Outnumbered Democrats dismissed the bill as purely political, arguing that insurance companies already cover only medically necessary abortions. They also said the law will require women to purchase insurance plans that insurers won't actually offer because too few women will buy them, not knowing in advance that they will be undergoing abortions.

Rep. Chris Turner, head of the House Democratic Caucus, said the bill would effectively require women to buy "rape insurance."

"I think we all agree, rape, sexual assault, incest are horrible crimes," said Turner, of the Dallas suburb of Grand Prairie. He added of victims who wouldn't be eligible for abortion insurance coverage: "Let's not re-victimize that same person again."

Texas approved some of the nation's strictest limits on abortion in 2013, but those were mostly struck down by the U.S. Supreme Court last summer. Still, abortion clinics around the state have closed and the number of abortions performed in the country's second-largest state has fallen from more than 82,000 in 2006 to around 54,300 in 2015.

"One of the talking points we've heard lately is abortion should be considered health care," Elizabeth Graham, director of Texas Right to Life, told a Texas Senate committee. "Really, the definition of health care is to make a person well and to encourage health. The definition of a successful abortion is the complete death of the unborn child."

State policy analyst Elizabeth Nash of the Guttmacher Institute, a national research group that supports abortion rights, said she knows of no current analysis of the impact of states imposing coverage restrictions, nor the extent to which health plans offer supplemental coverage for abortion.

"My sense is that there isn't any identifiable impact of these restrictions since most women pay out of pocket already," Nash said by email.

A Guttmacher analysis in March said about 60 percent of privately insured abortion patients pay out of pocket, because their policy doesn't cover the procedure or because deductibles are high. But many women who get abortions are too poor to afford private insurance.

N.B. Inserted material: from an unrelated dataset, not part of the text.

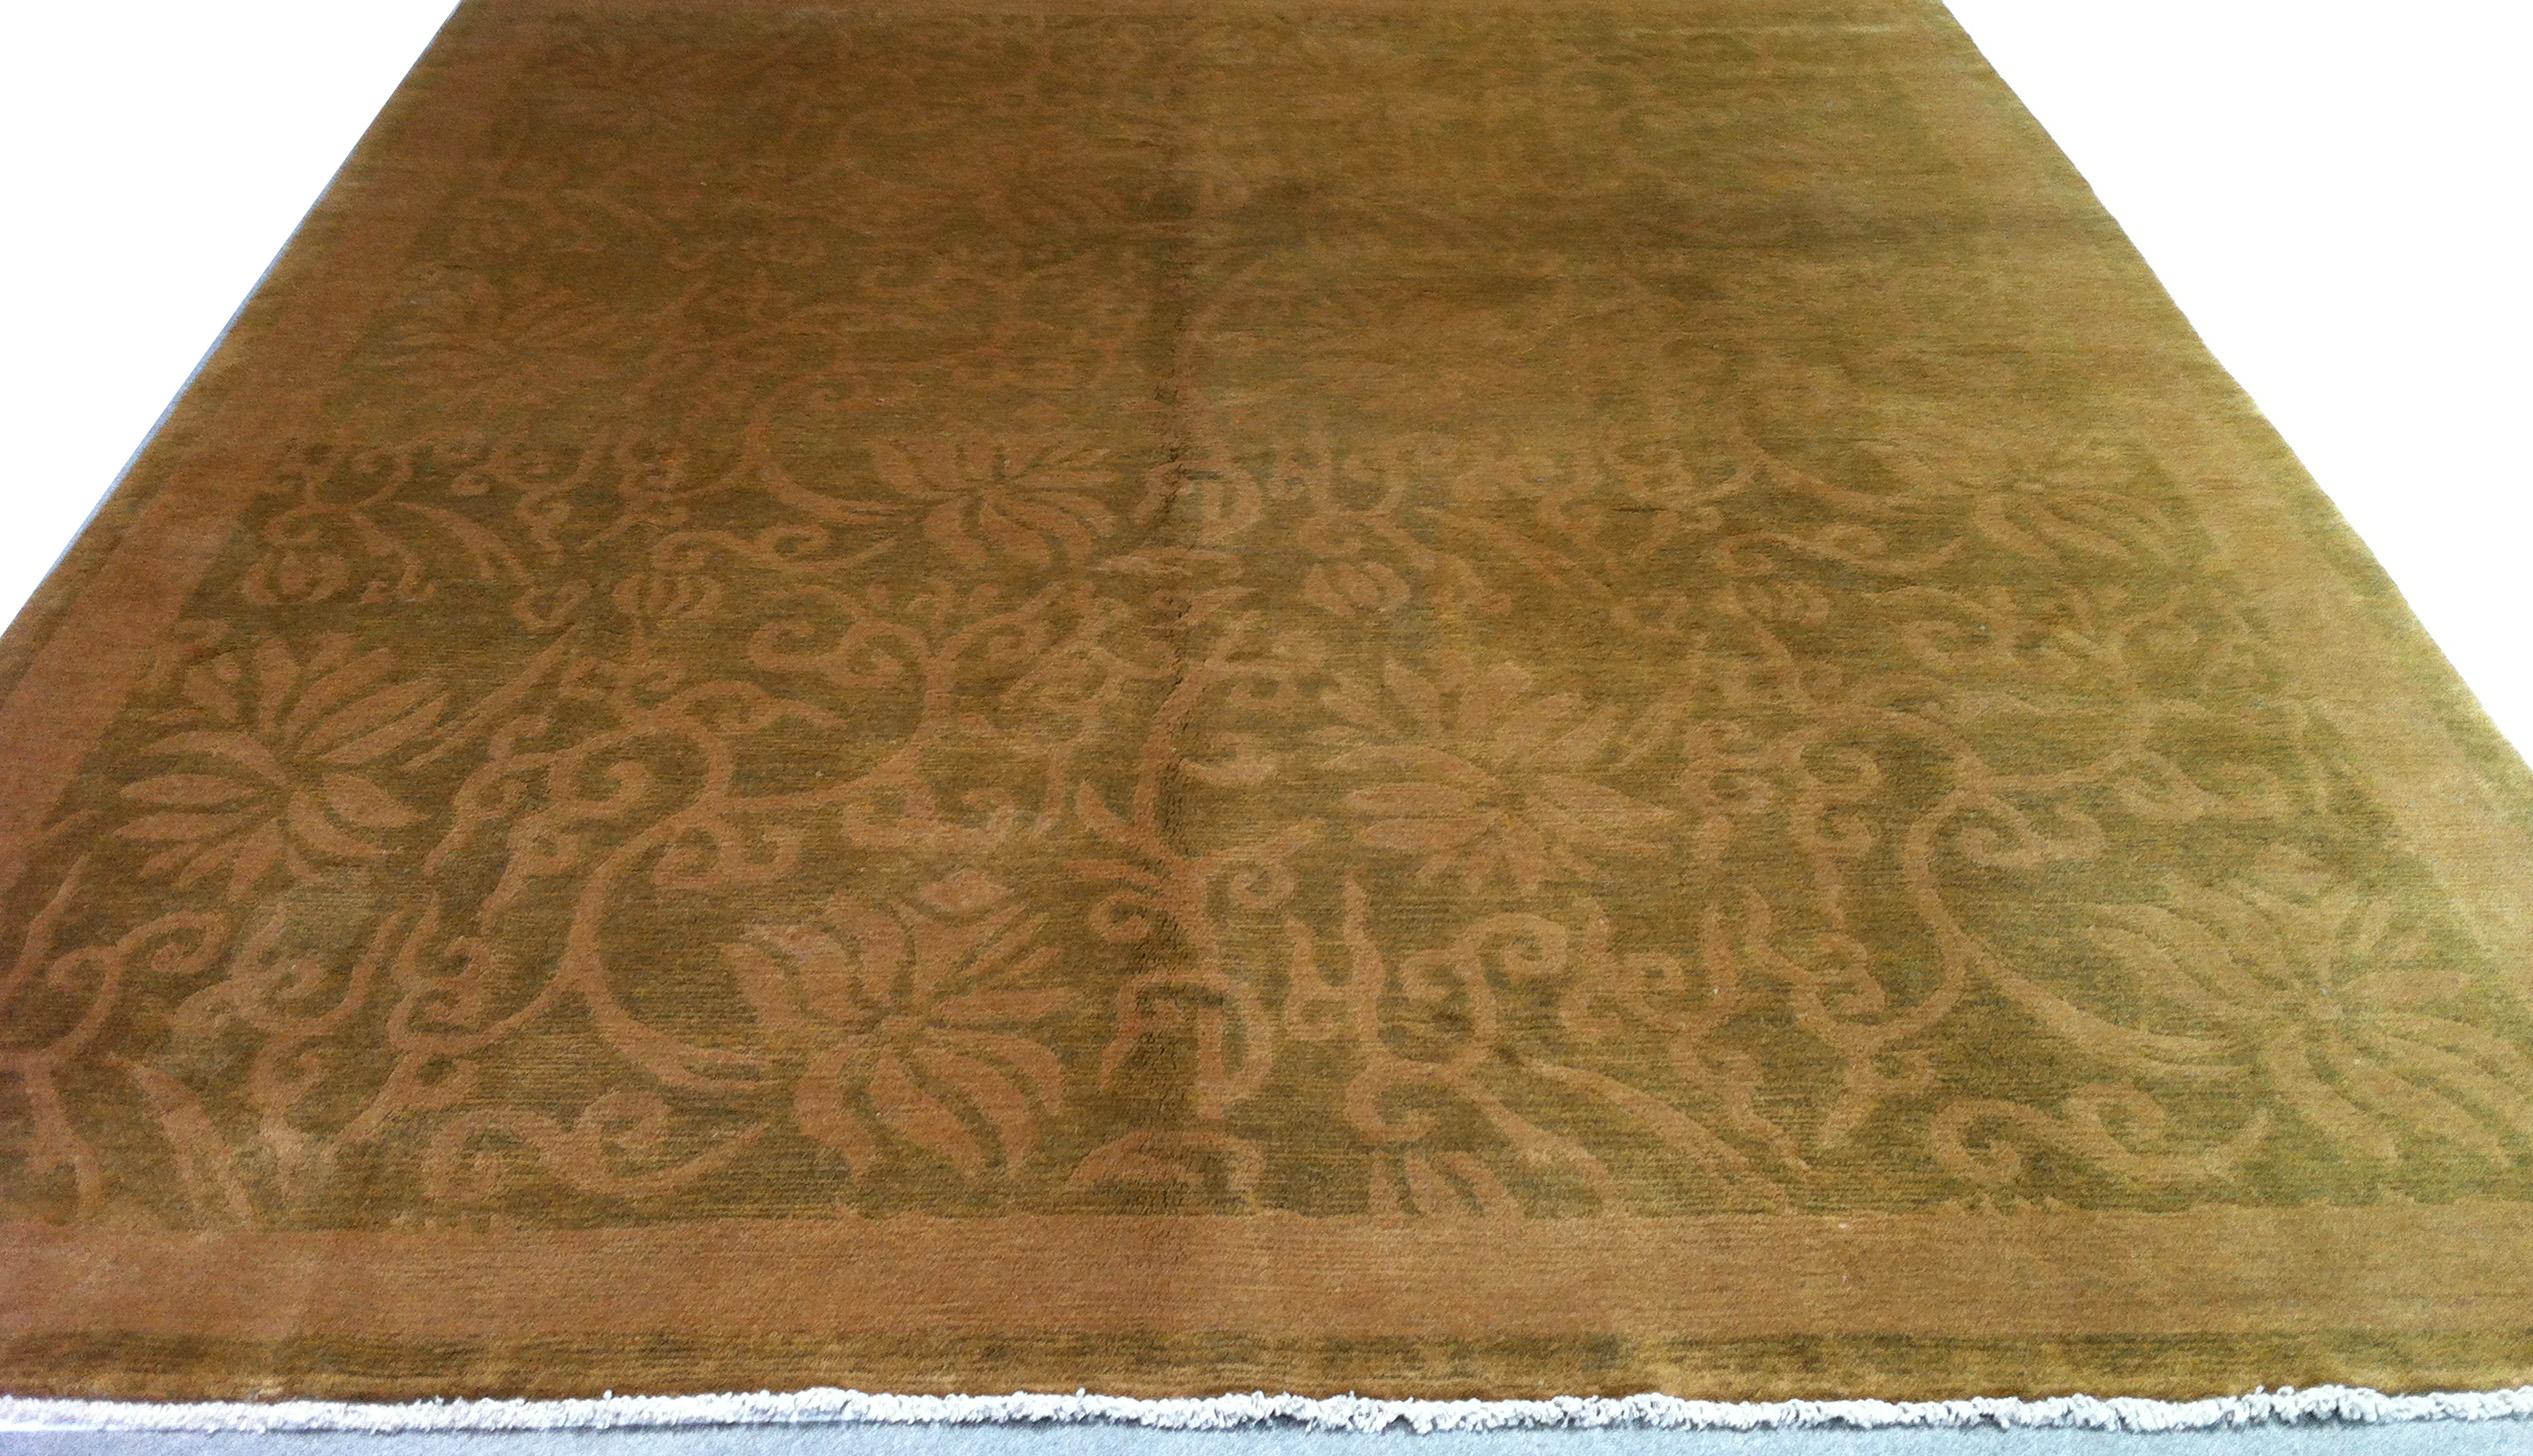 An antique wash creates a wonderfully warm patina in this hand knotted wool rug from Nepal. The subtle floral pattern in the large center panel brings just the right amount of traditional to a rug that will look equally at home in more contemporary
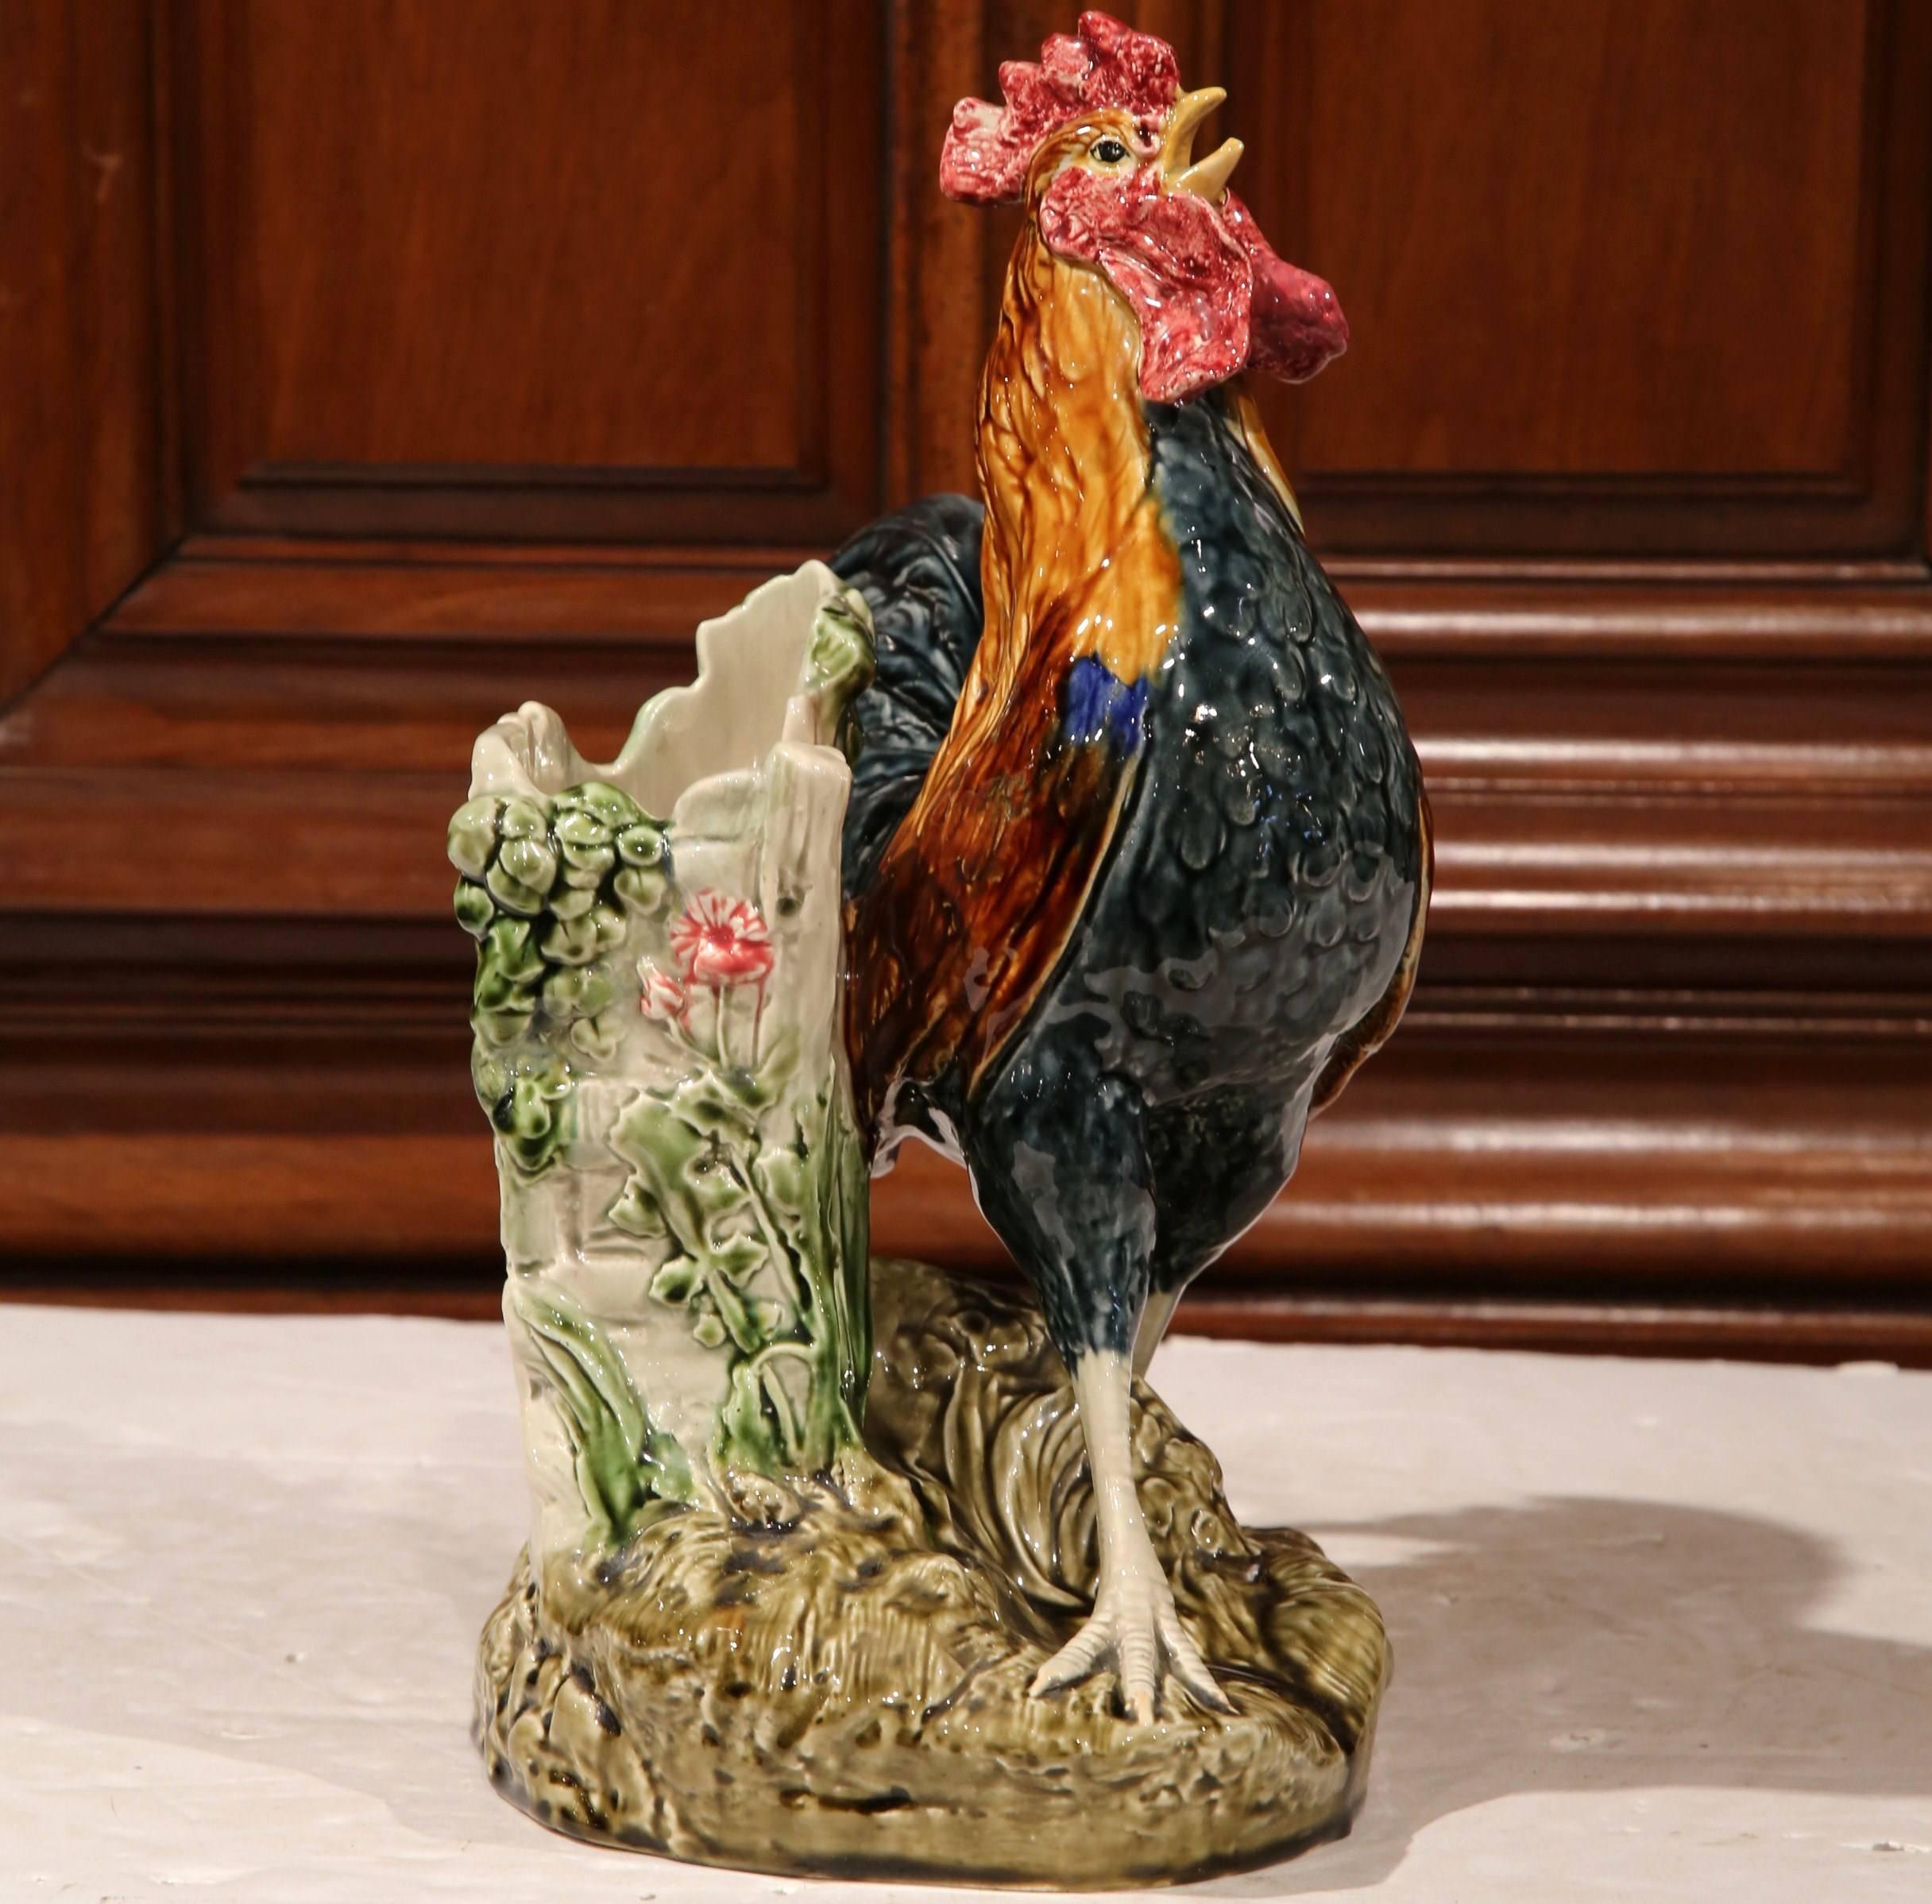 Bring the bucolic beauty of the French countryside into your home with this hand-painted, antique rooster from France, circa 1880. The statement-making rooster is attached to a vase that's perfect for holding flowers. The colorful sculpture is

Nancy Northup, president of the New York-based Center for Reproductive Rights, depicted the insurance bans as "a shocking infringement" on women's right to opt for private insurance to cover a legal medical procedure. In cases where a woman opts for an abortion after detection of a severe fetal abnormality, the costs can run into the thousands of dollars, she said.

The insurance bans also have been criticized by the American College of Obstetricians and Gynecologists, which says insurance coverage of abortion should be comparable to that of other essential health care services.